White House targets Dems in trade blitz
A frustrated White House is planning to blitz congressional Democrats on trade in the weeks following Tuesday’s State of the Union address.
President Obama is tasking every member of his Cabinet to round up votes from Democrats for fast-track negotiating power, which would give Obama leverage to complete trade negotiations by preventing Congress from amending his agreements.
{mosads}About 80 House Democrats have been targeted in the effort, and Cabinet members are divvying up those names based on their personal relationships with the members.
The rest of the House Democratic Caucus, which consists of about 100 members, are seen as likely “no” votes.
The White House is making the push in part because of pressure from congressional Republicans.
While trade has emerged as a rare area of compromise between the two sides, the GOP says Obama needs to do more to get his own party in line on the issue. Republicans also want cover from Democrats if they are going to ask their own members to give Obama additional powers.
“We need the president to engage on this issue with his own party,” House Ways and Means Committee Chairman Paul Ryan (R-Wis.) said last week.
“We need him to make it a priority in the State of the Union,” Ryan added. “We need him to work with his party to help get votes.”
Recent history suggests Obama would be lucky to win 80 votes from Democrats on trade.

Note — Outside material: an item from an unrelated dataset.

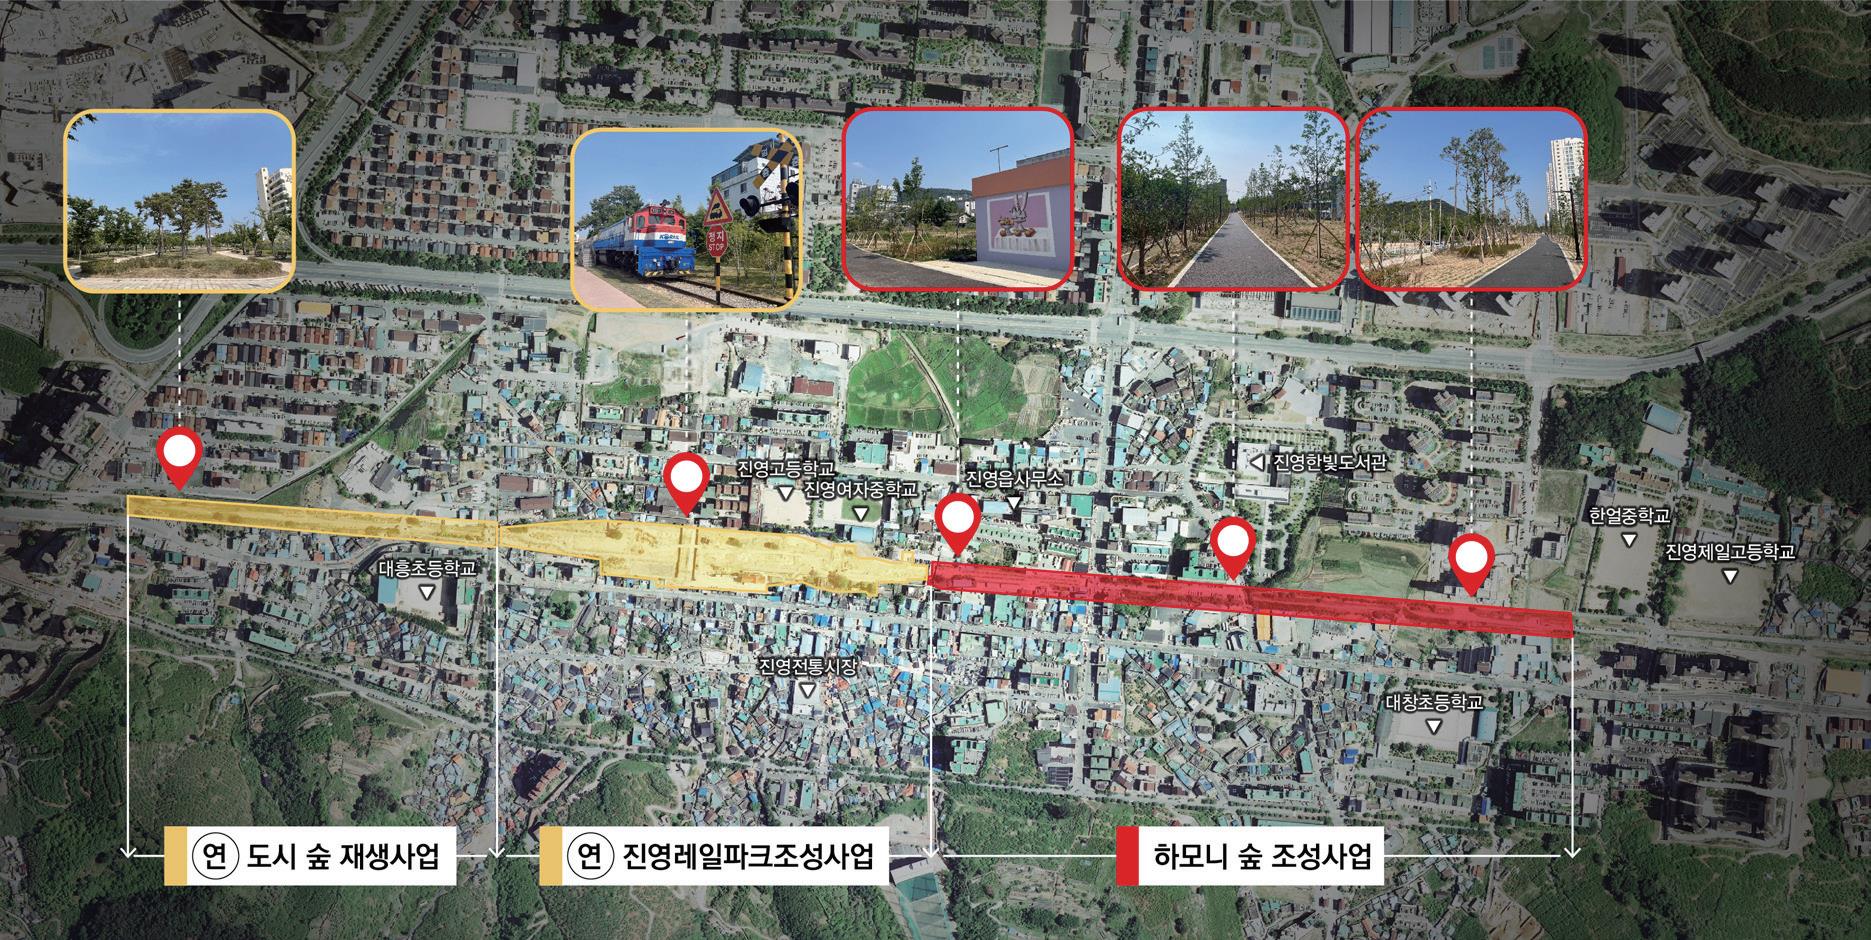 김해시, 경전선 폐선부지 활용 ‘진영 하모니숲길’ 조성 계획도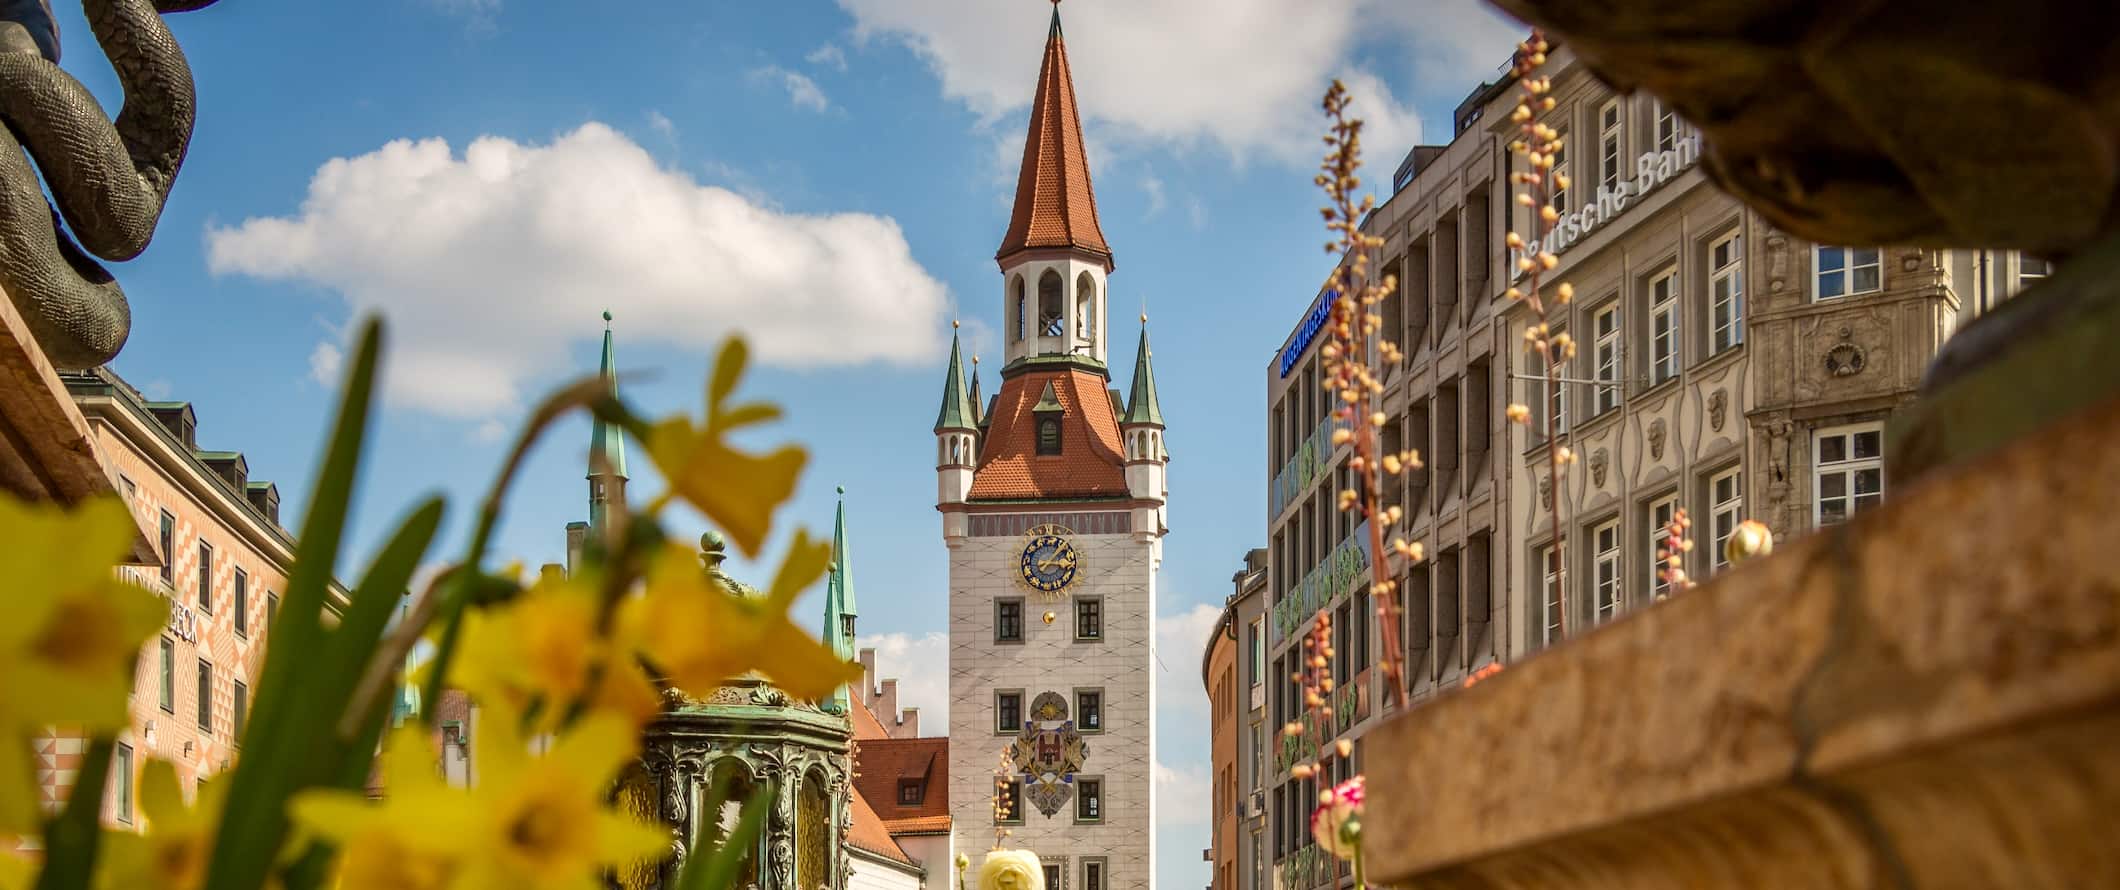 Cidade histórica de Munique, Alemanha, na primavera com flores desabrochando perto da igreja

Large majorities of House Democrats voted against trade deals with Colombia, South Korea and Panama in October 2011. The high-water mark was the 66 Democrats who voted for the Panama deal, compared to 123 who voted “no.” Only 31 Democrats backed the Colombia deal, compared to 158 “no” votes.
All three trade deals fared better in the Senate, where a majority of Democrats backed the South Korea and Panama deals.
Labor unions have joined Democrats in regularly arguing that those deals hurt U.S. workers and increased income inequality. They generally put the deals in the same camp as the 1994 North American Free Trade Agreement with Canada and Mexico.
Trade is a big part of the simmering fight between Obama and the left. While liberals are happy with Obama’s push for higher taxes on the wealthy and free community college, they continue to see the president as too tied to Wall Street and corporate America.
The left was furious with Obama’s nomination of Wall Street investment banker Antonio Weiss to the Treasury Department, and won a victory when the president withdrew his name from consideration.
Obama, for his part, appears frustrated with what he views as knee-jerk opposition to his trade agenda, which includes negotiations on a trade pact with the European Union and a separate Trans-Pacific Partnership (TPP) with 12 Latin American and Asian countries.
Obama argued last month that Democrats are still “fighting the last war” instead of looking forward to the benefits which trade can provide for U.S. workers.
“I think that there are folks in my own party and in my own constituency that have legitimate complaints about some of the trend lines of inequality, but are barking up the wrong tree when it comes to opposing TPP, and I’m going to have to make that argument,” he said at a Business Roundtable discussion in December.
National Economic Council Director Jeff Zients is organizing the Cabinet outreach and assigning different Cabinet members to different tasks. Interior Secretary Sally Jewell, for example, is expected to discuss wildlife trafficking and overfishing issues.
U.S. Trade Representative Mike Froman and his team are holding meetings on Capitol Hill with whomever wants a briefing on the agreements or is interested in reading the developing text.
One argument the Cabinet officials are making is that the U.S. will be sidelined from writing rules on trade that would protect labor groups and the environment if they don’t back fast-track and the TPP.
“This administration is changing the status quo by putting enforceable labor and environment protections at the core of these agreements, which addresses the biggest complaint on trade over the last two decades,” one administration official told The Hill.
“If we stay on the sidelines, other world powers who are already actively negotiating agreements in the same region are going to set the rules of the road. Rules that don’t protect workers or the environment,” the official said.